Friday, October 06, 2017

How many programmers does it take to update a Wikipedia page?

......or what it took to count the number of IPv4 addresses in every country (as of 1st October 2017). 

This Sunday, I found that the Wikipedia page on List of countries by IPv4 address allocation was using data from 2012. I wondered what it might take to add more up to date information on that page. During a recent course I attended, I got to know about scans.io - a fascinating project that involves periodically scanning ALL of the IPv4 address space and storing as much of publicly visible metadata about the active addresses as possible (location, ISP, open ports, services running, operating system, vulnerable services running if any). Each daily dump of the IPv4 address space is close to a terabyte.
An individual IP address record is represented as a JSon object - part of one of the records is shown here:


There is a lot of information to be gleaned from analysing this data - some might have very useful applications and some purely to satisfy curiousity. Also, copying the raw dataset is not the only way to analyse this - censys.io might allow querying their data directly on request.
 Given the volumes, this clearly falls in the realm of a Big Data problem and any querying or analytics on this is best achieved using a distributed approach - so this is a perfect problem to leverage fully cloud based resources.

Stage 1:

Copy the latest data set to an S3 bucket.

This might sound easy but the full data is close to 1TB. Ideally I would have preferred a more distributed way of transferring this data. But for now, old fashioned wget from the censys.io and then an "aws s3 cp" to S3 storage did the job. 
wget of the compressed data set took around 24 hours and "aws s3 cp" of the uncompressed data took just under 48 hours (with a few hours in the middle that it took to uncompress the downloaded lz4 file). 

For intermediate storage, I created an instance with 2TB of storage. The cost didn't seem bad if all my data transfer completed within a day or so.
https://aws.amazon.com/ebs/pricing/

Test run:
wget --user=jvsingh --ask-password https://censys.io/data/ipv4/historical

The actual command to get that ~221G file (compressed version):
nohup wget --user=jvsingh --password=***** https://scans.io/zsearch/r5vhnlm9vqxh5z1e-20170930.json.lz4 &

(used nohup as I know it was going to take hours so didn't want to keep my ssh terminal open just for this)
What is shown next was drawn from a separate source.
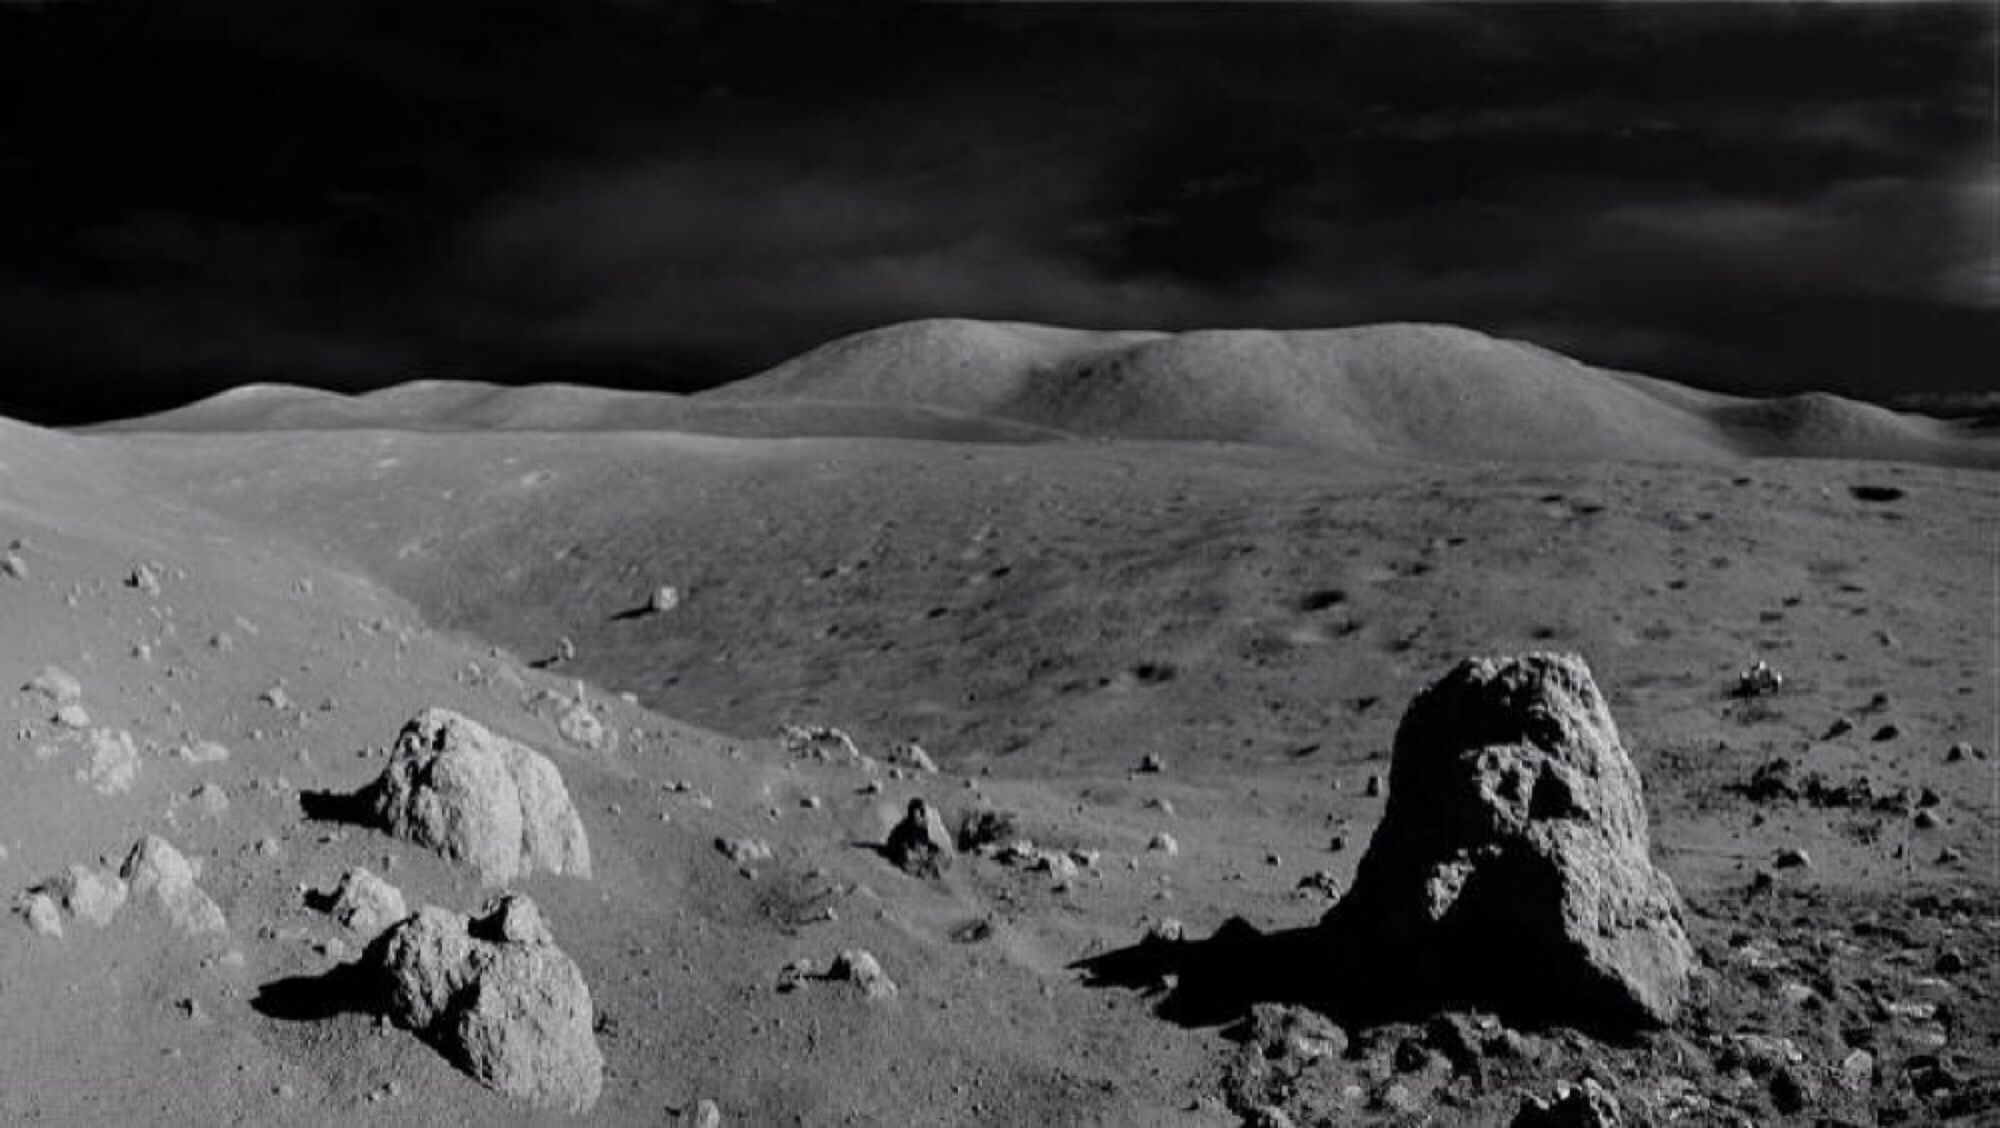 Pin by Shavard Elliott on Strange Moon surface, Nasa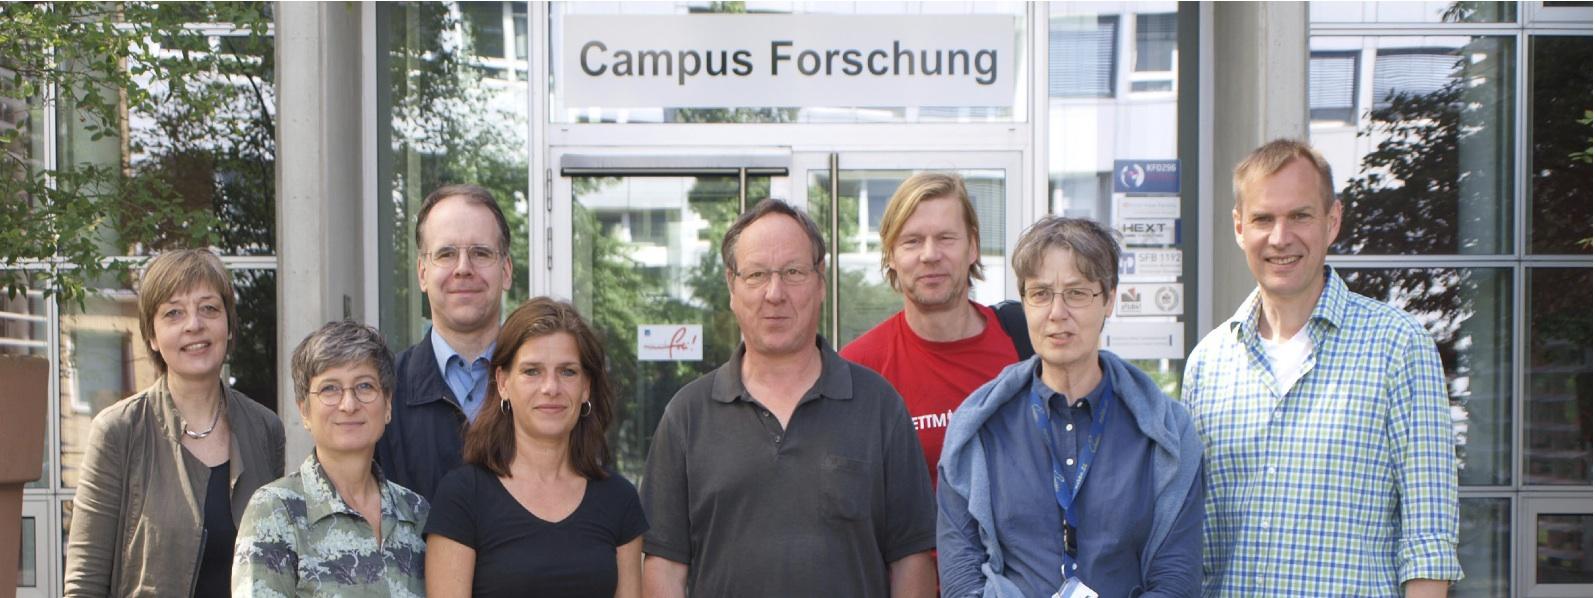 Bündnis Wissenschaft für den Fakultätsrat

For the second stage of uploading the uncompressed file to my S3 bucket, it seems an elegant and faster way might have been to use a multipart upload using a distributed approach. But looking at the upfront setup required for it, I decided against it for this particular test. 

Stage 2:

AWS Setup - I already had an aws account with an SSL key-pair for the region I selected (the cheapest in terms of instance costs and also costs of S3 storage - to avoid intra region data transfer costs and possible network latency, I used the same region for both my S3 bucket and spark instances). 
Additionally, to allow command line tools (such as flintrock) to connect and operate the AWS account, I had to install and set up the local aws command line interface - which requires a pair of credentials generated through AWS - IAM 
I had also previously created an S3 bucket to hold the 1 TB data file. This would allow multiple spark instances to access the data, which otherwise won't be possible or too complex to set up with general purpose disk-like storage (might be possible with hadoop distributed file store but using S3 here definitely saved me from a lot of extra configuration)

Stage 3:

Download and install flintrock, configure its yaml configuration (here's their template) to set up the spark cluster. This is convenient as I intended to do this on AWS, which is very easy to set up with flintrock. (I used an Amazon Linux AMI - the rest of the setup is self-explanatory in the template)
I start an initial cluster with 3 worker nodes. 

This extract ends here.